▶ Problem to solve
The reply should be an exact repeat of the listing, with no pictures in it.

▶ Material provided
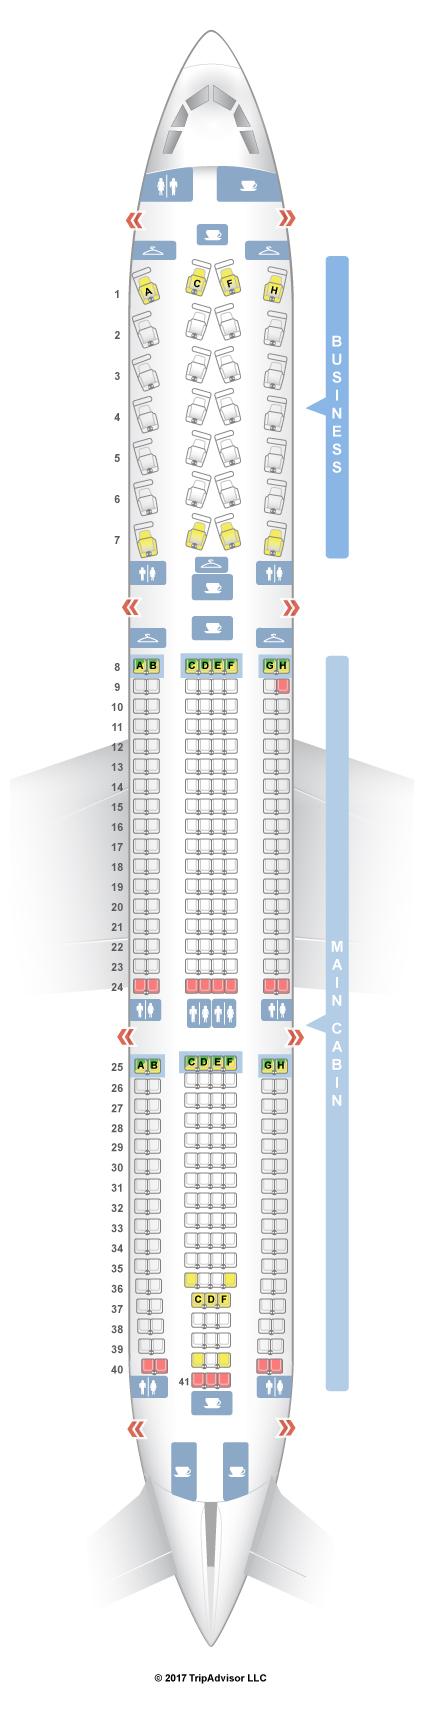 seatguru seat map american airlines airbus a330 300 333
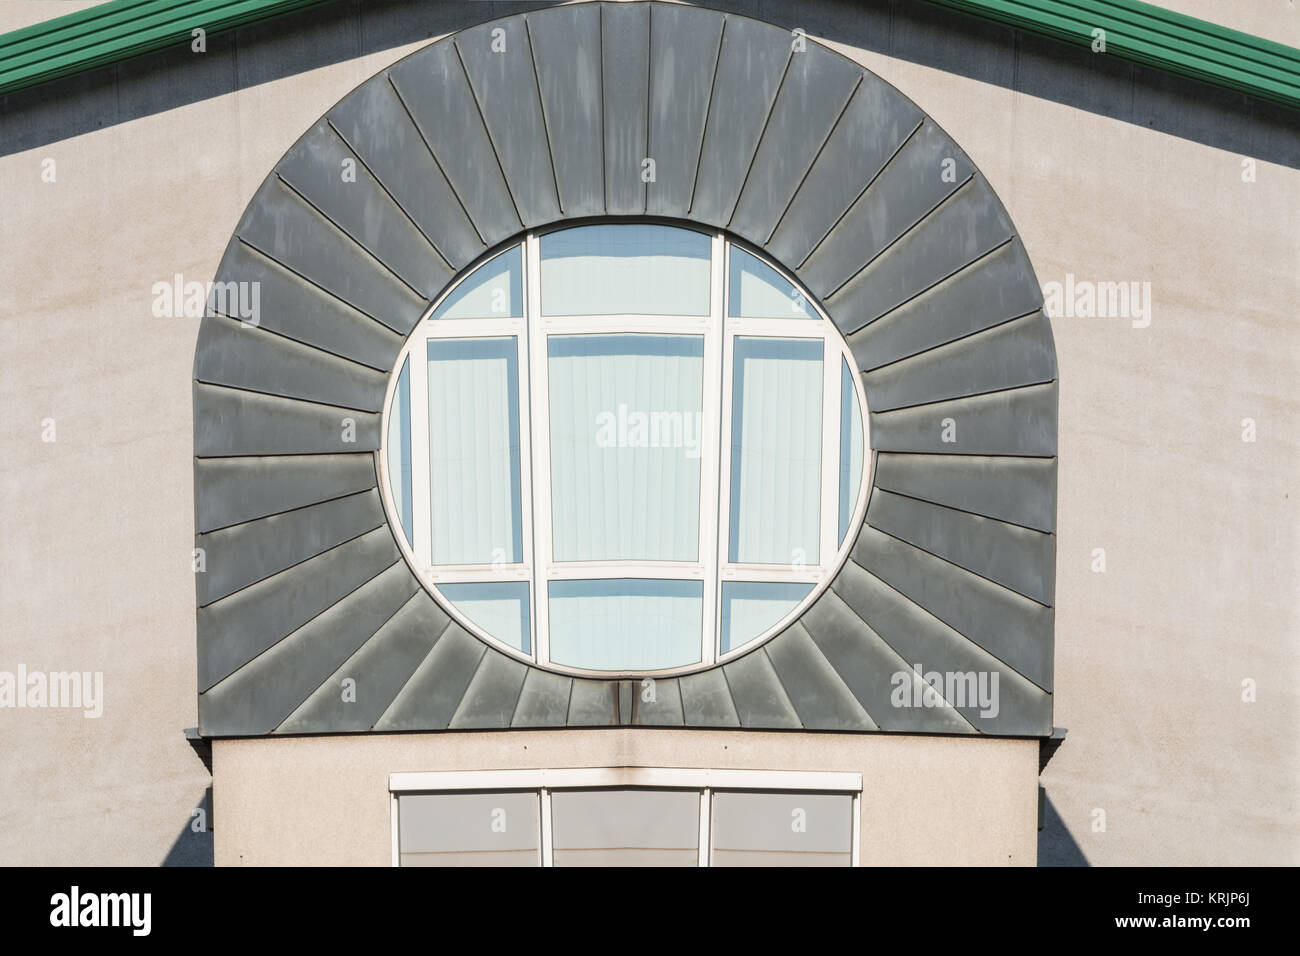 Dacheindeckung stock photos dacheindeckung stock images for Moderne fenster
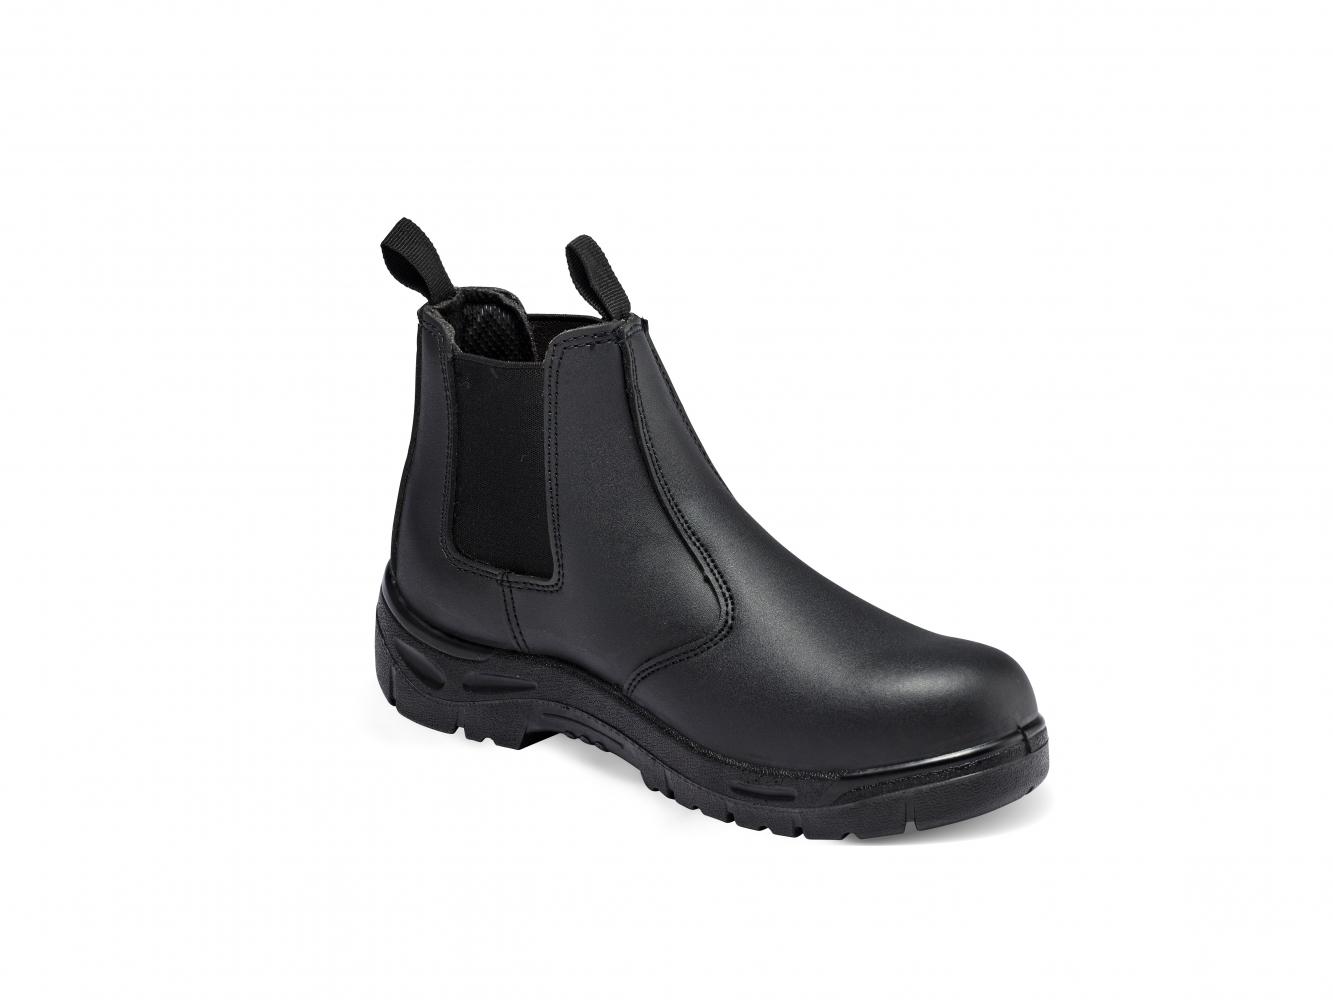 Titan Chelsea Safety Boot   Harvey Supplies

▶ Exercise output
 seatguru seat map american airlines airbus a330 300 333
 Dacheindeckung stock photos dacheindeckung stock images for Moderne fenster
 Titan Chelsea Safety Boot   Harvey Supplies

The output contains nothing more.